The current Allen Chastanet-led UWP administration rose to power on a wave of similar assurances. A party not particularly known for vitality in opposition was uncharacteristically unrelenting in its insistence on transparency and accountability from the then incumbent SLP administration. They held rousing public meetings and protests, and addressed the media at every turn, seeking redress for what they determined mismanagement, and promised to uphold the ideals of transparency and accountability. They would supplant the SLP administration on 6 June, 2016. Will they live up to their transparency promise? The question is perhaps premature, for they have not sought to enact any legislation akin to section 361, nor threatened libel litigation against media personnel. However, the existence of broad legislation prohibiting the leaking of information on the activities of government by officials sworn to secrecy, to my mind flies in the face of transparency and accountability.

Recently the Minister for Infrastructure, Ports, Energy and Labour described the latest leak as “political mischief” and promised those responsible would face the “full brunt of the law” if uncovered. While the leaking of governmental documents is in contravention of the Public Service Act, I remain in sympathy with those who leak official documents in the best interests of good governance.
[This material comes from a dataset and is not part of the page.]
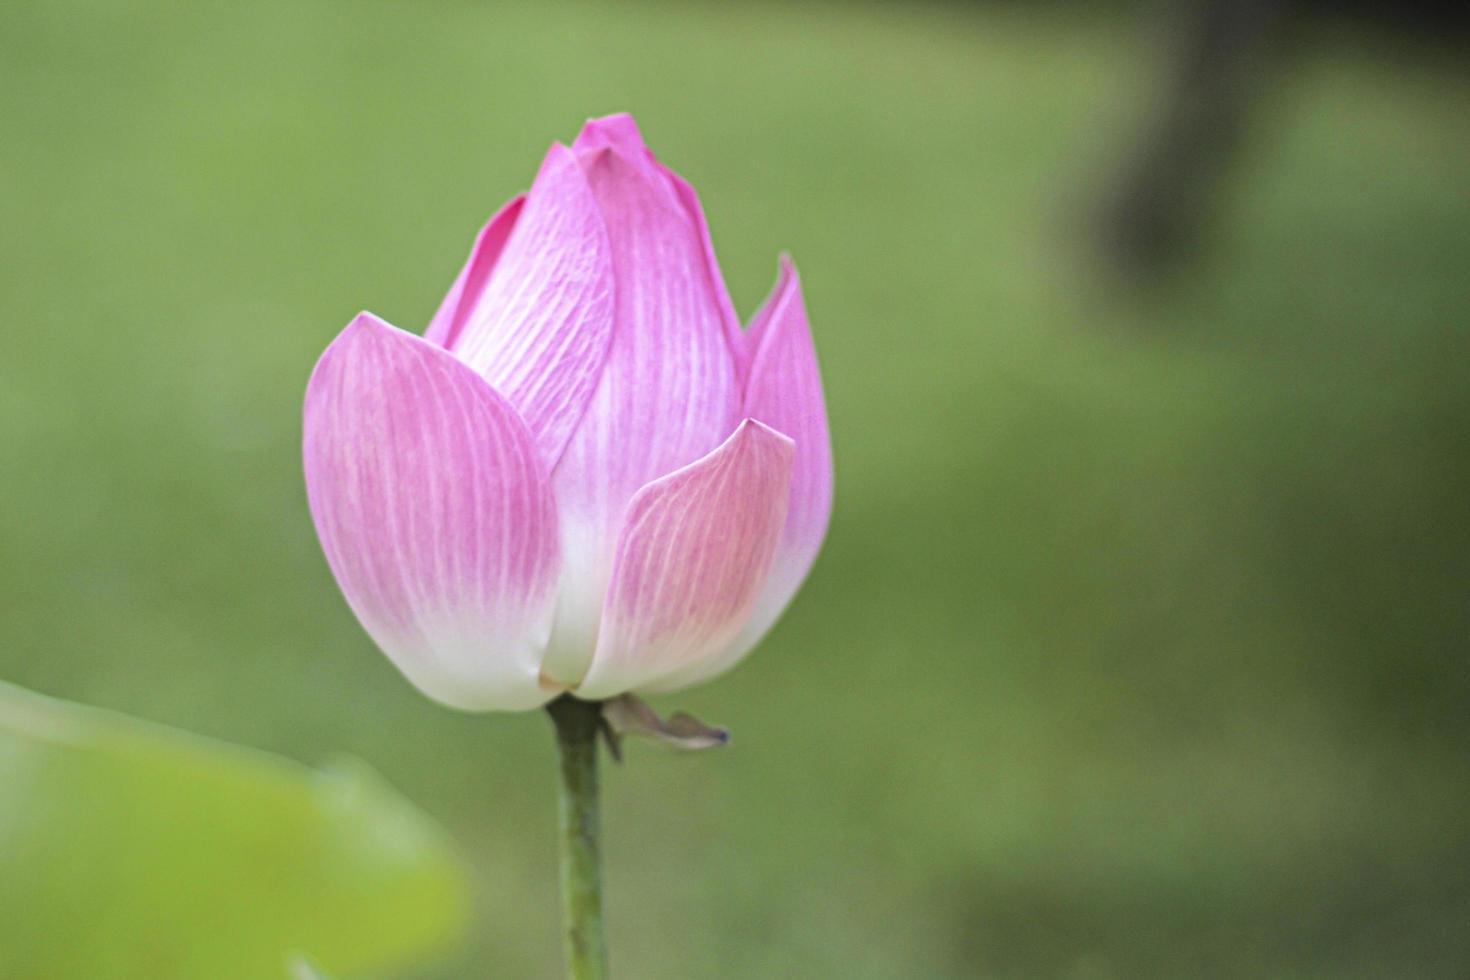 bellissimo loto rosa. lotusa beauty for the water garden nature photography flowers. Close up di bocciolo di loto con terra posteriore verde foto
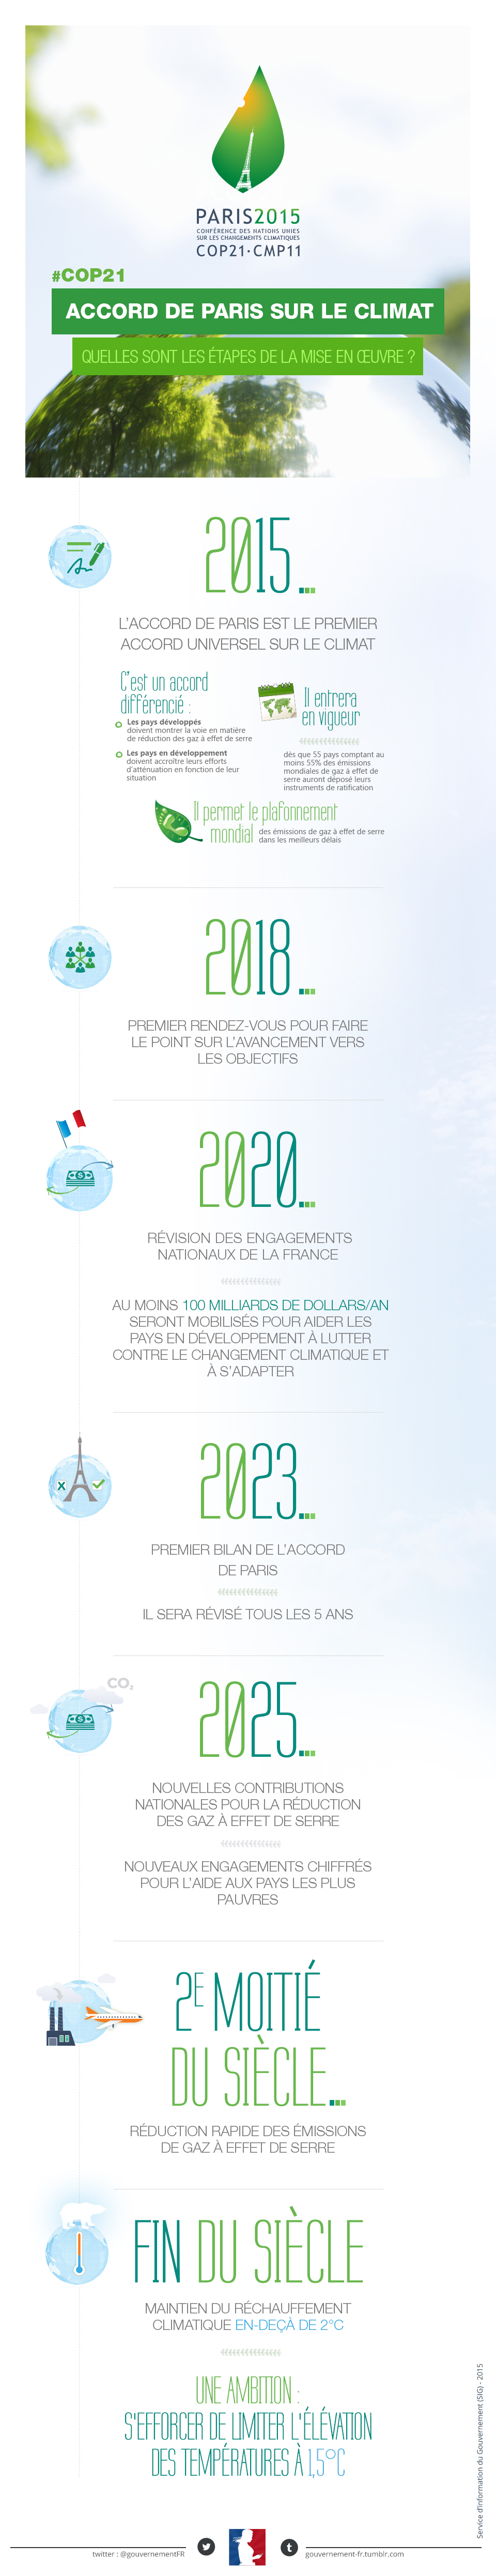 Infographie sur l'Accord de Paris - voir en plus grand

You cannot claim transparency on one hand and on the other seek to conceal (by omission or otherwise) your activities in government from the very people you govern. Moreover, true accountability therefore becomes impossible because it is secondary to transparency.

We’re not talking about state secrets here. The whistleblowers are not disclosing the identities and locations of police informants. The information typically leaked doesn’t endanger national security by revealing the names of covert operatives. What are leaked are the day to day operations of government. Are we not entitled to this information? Should we not know how our money is being spent? This isn’t a theocracy in which the responsibility for governance is all but devolved to some infallible omniscient deity. Nor is this an autocracy in which absolute power resides in the hands of a select few whose decisions are not subject to legal constraints nor the mechanisms of popular control.

Politician after politician, no matter the hue – all have used promises of transparency and accountability to seduce us. Aphrodisiacs specially designed to raise our hopes and push our scepticism to the side just before we are screwed, often oblivious to the violation until we awake – diminished and ashamed. They all claim the mantle of open and honest governance but resist it in practice.

Transparency and accountability are the pillars of good governance. Formal mechanisms of transparency such as a freedom of information act (FOIA) are necessary to encourage elected official and technocrats to act in the public interest, and laws need to be enacted to make them accountable when it appears they are not.